• [Material provided]

----

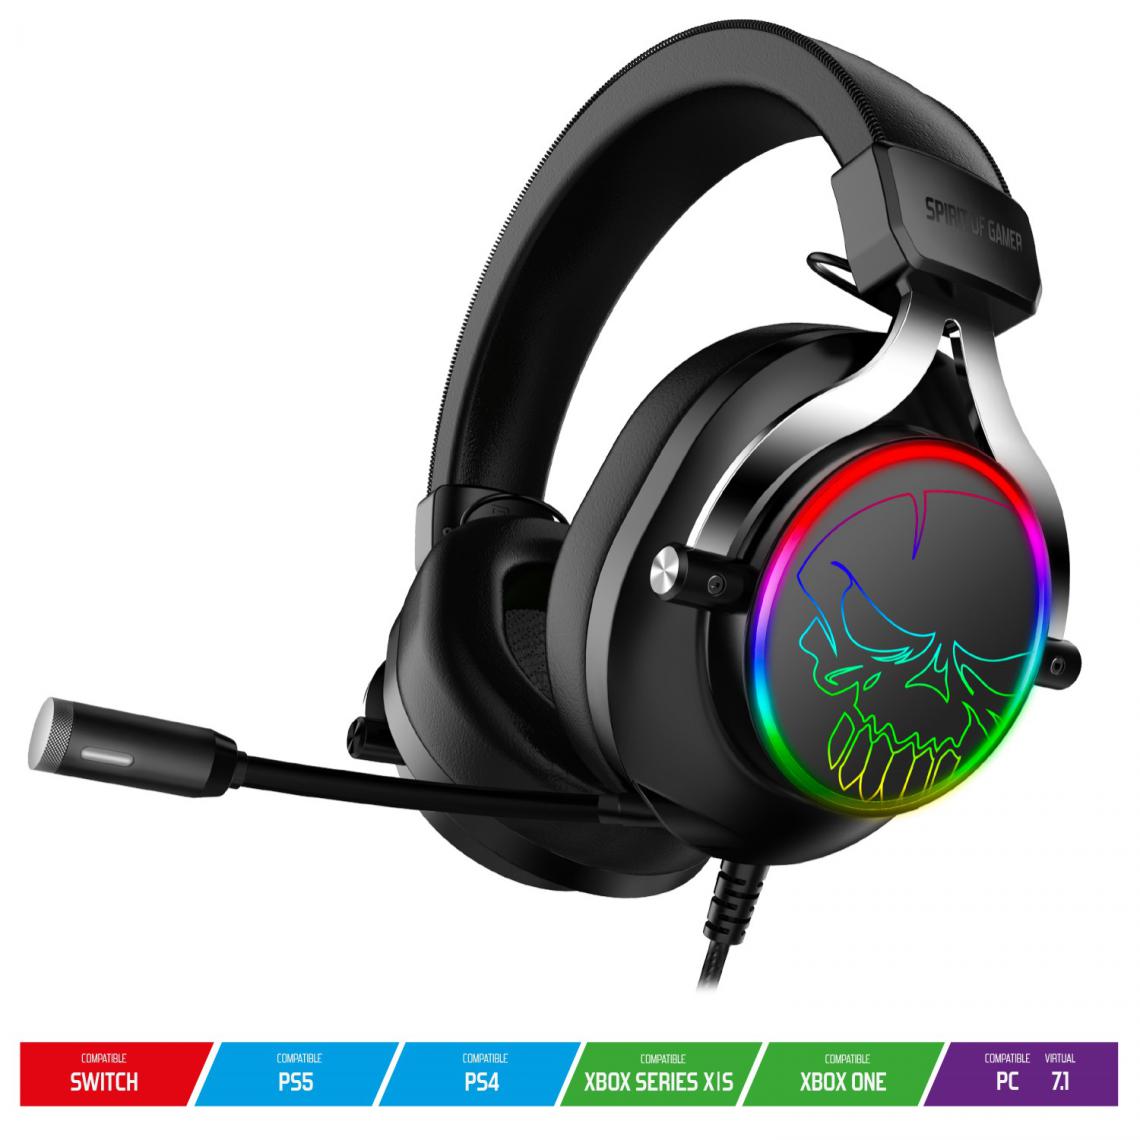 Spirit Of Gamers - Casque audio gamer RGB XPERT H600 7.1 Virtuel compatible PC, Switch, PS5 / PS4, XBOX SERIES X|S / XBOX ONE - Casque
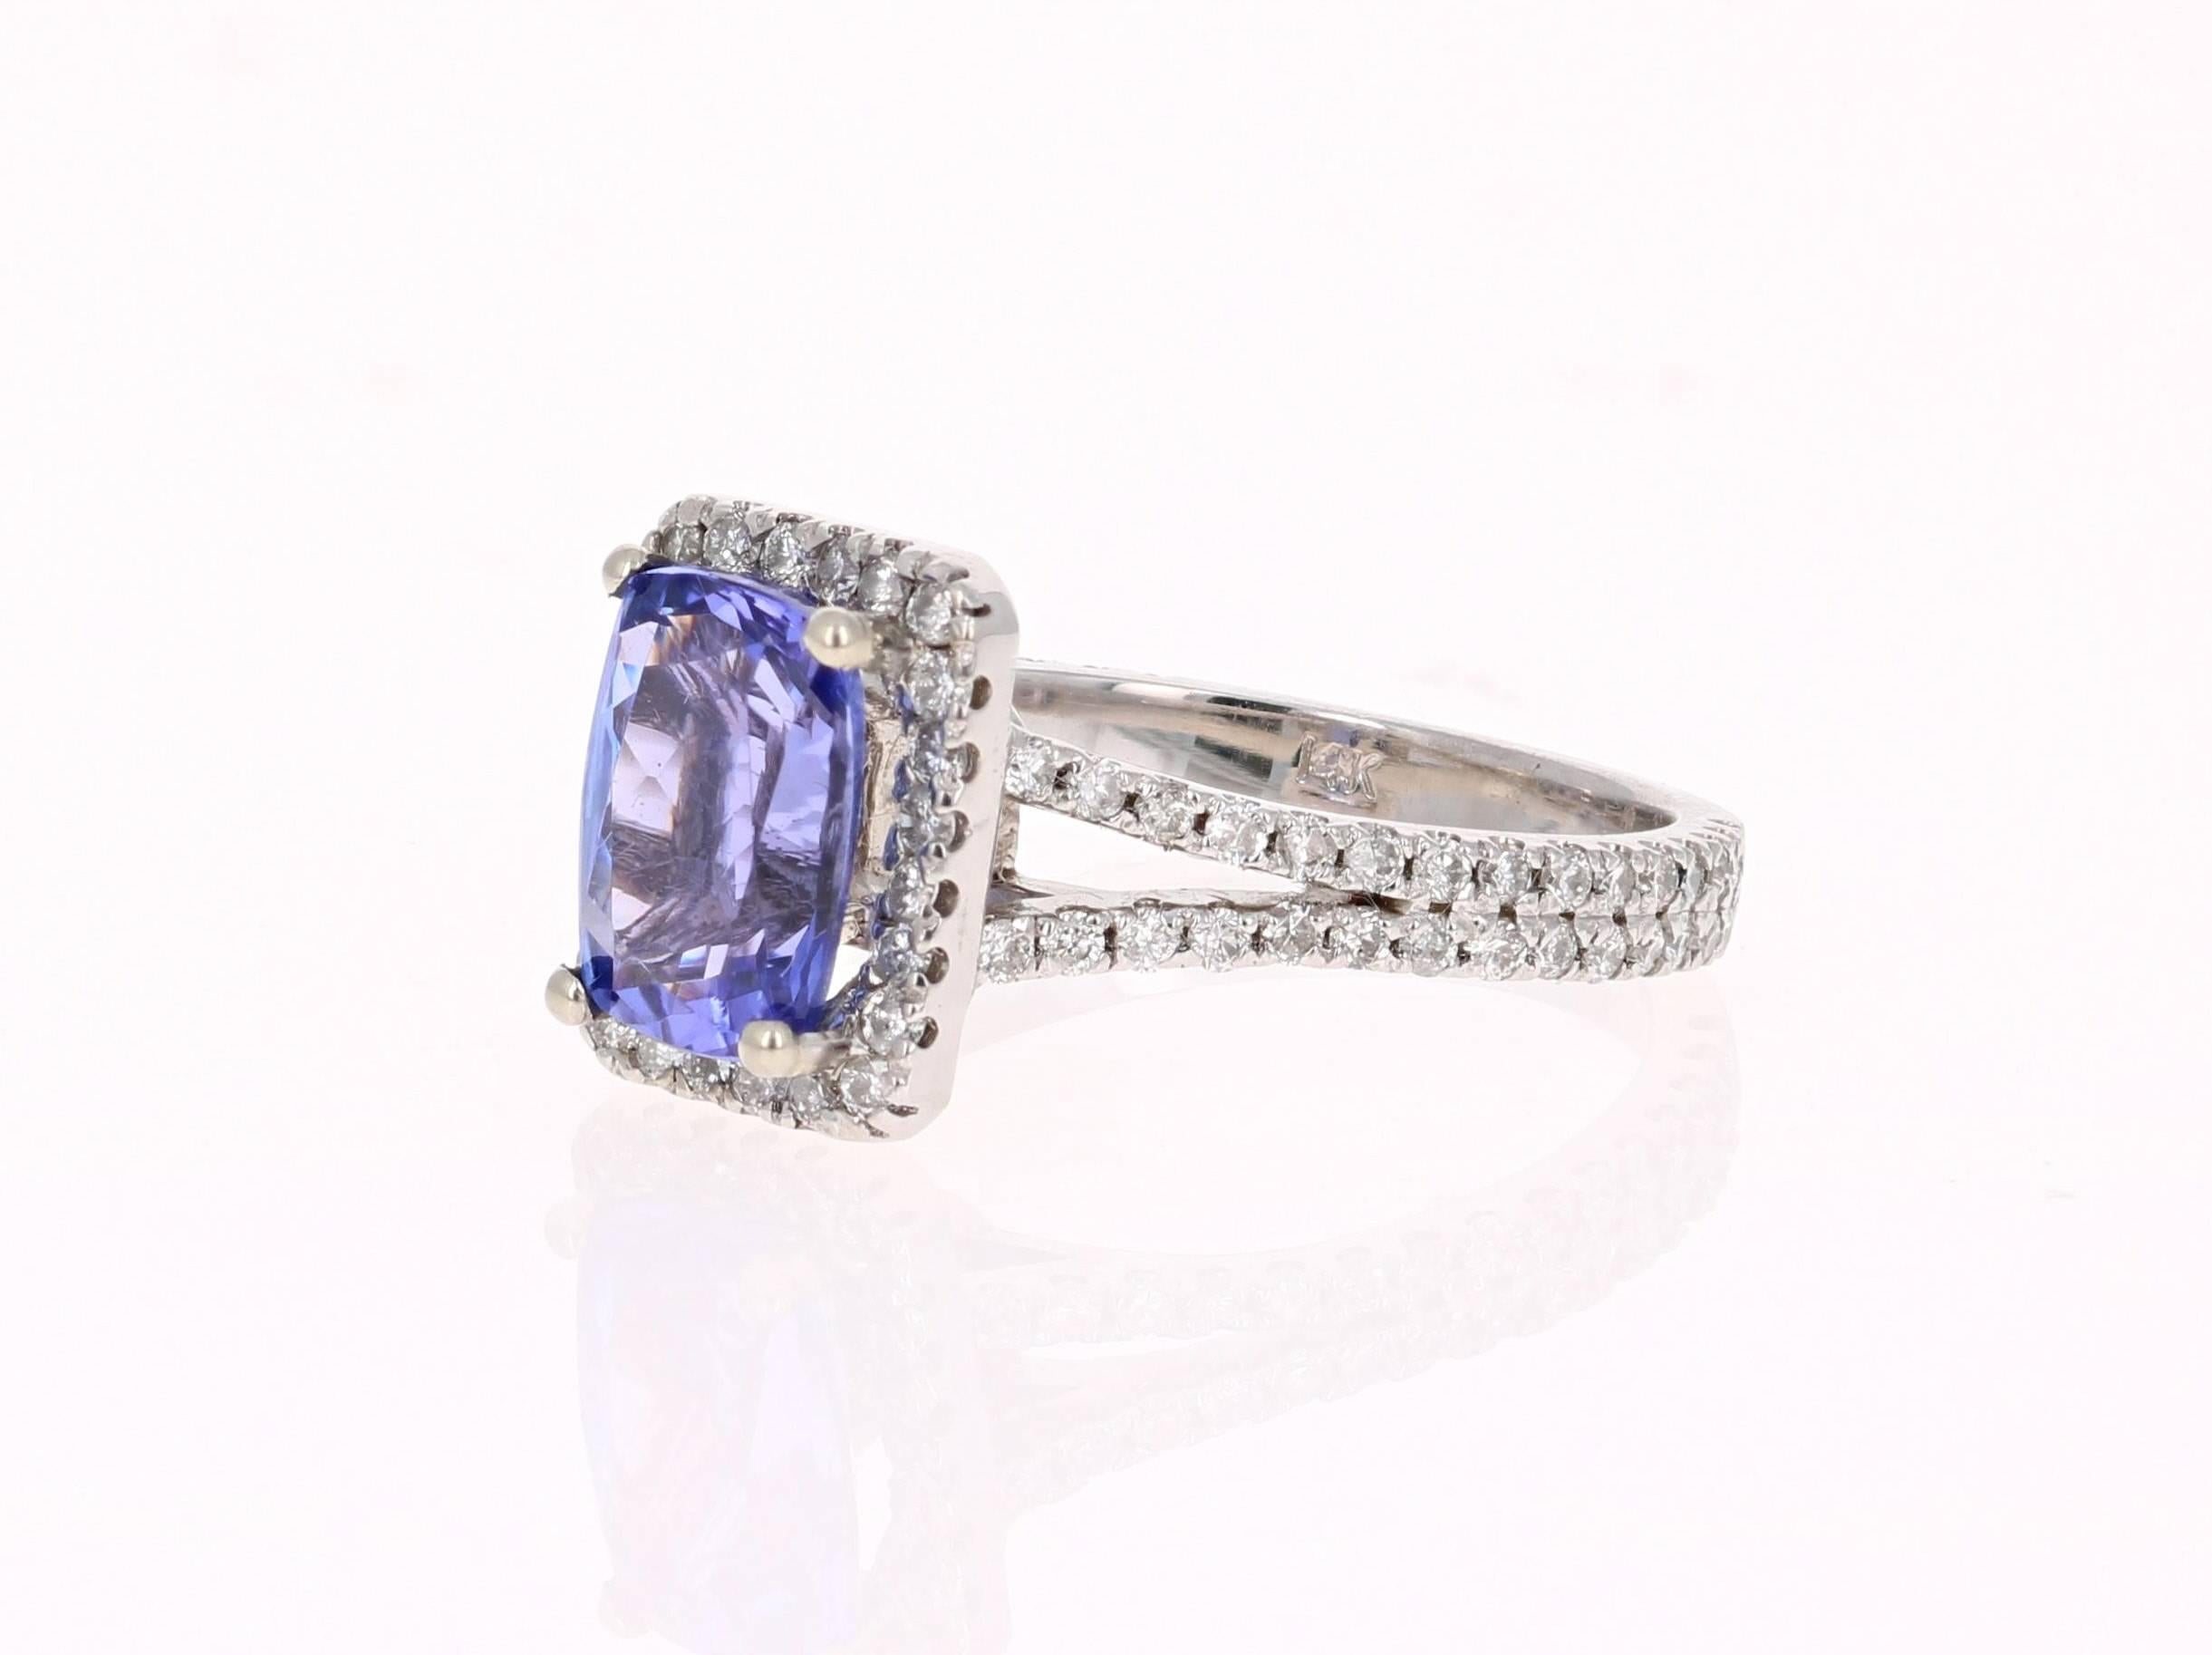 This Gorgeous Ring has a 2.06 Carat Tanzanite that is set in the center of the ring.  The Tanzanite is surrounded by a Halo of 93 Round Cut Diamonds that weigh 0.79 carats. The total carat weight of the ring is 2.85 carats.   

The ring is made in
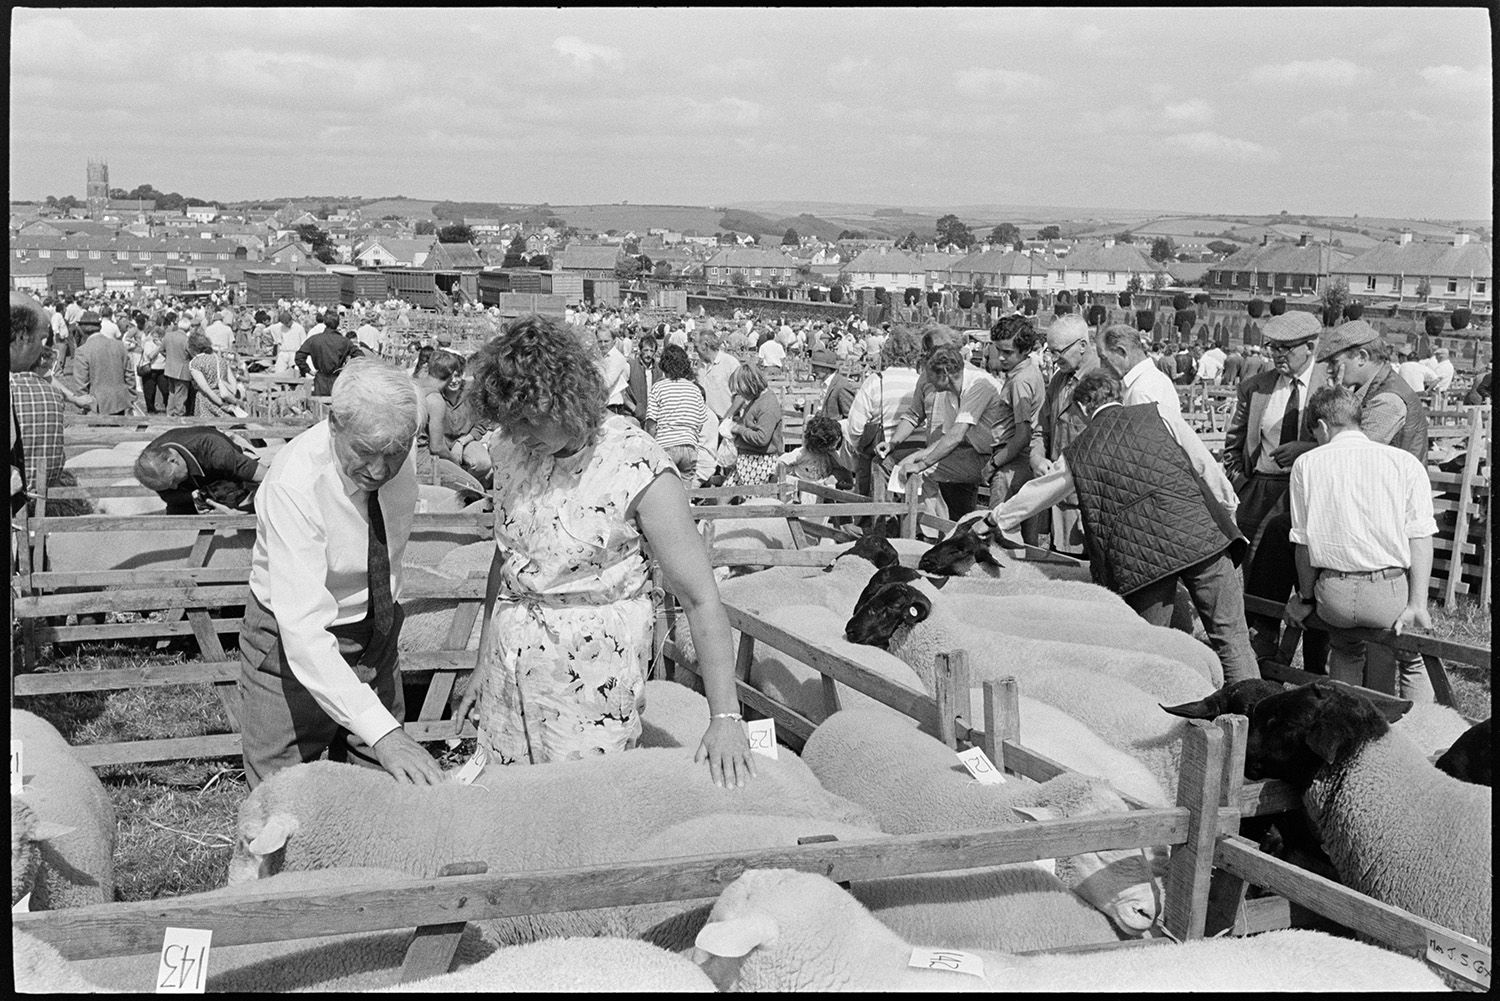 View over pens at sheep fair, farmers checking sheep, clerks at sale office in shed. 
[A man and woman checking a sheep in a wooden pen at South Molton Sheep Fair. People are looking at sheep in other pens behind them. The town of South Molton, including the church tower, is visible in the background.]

----

• [Aim of the exercise] From the line containing "This Gorgeous Ring" through the final line of the records, write out each line exactly, and include no pictures.

• [Task response]
 This Gorgeous Ring has a 2.06 Carat Tanzanite that is set in the center of the ring.  The Tanzanite is surrounded by a Halo of 93 Round Cut Diamonds that weigh 0.79 carats. The total carat weight of the ring is 2.85 carats.   

The ring is made in
 View over pens at sheep fair, farmers checking sheep, clerks at sale office in shed. 
[A man and woman checking a sheep in a wooden pen at South Molton Sheep Fair. People are looking at sheep in other pens behind them. The town of South Molton, including the church tower, is visible in the background.]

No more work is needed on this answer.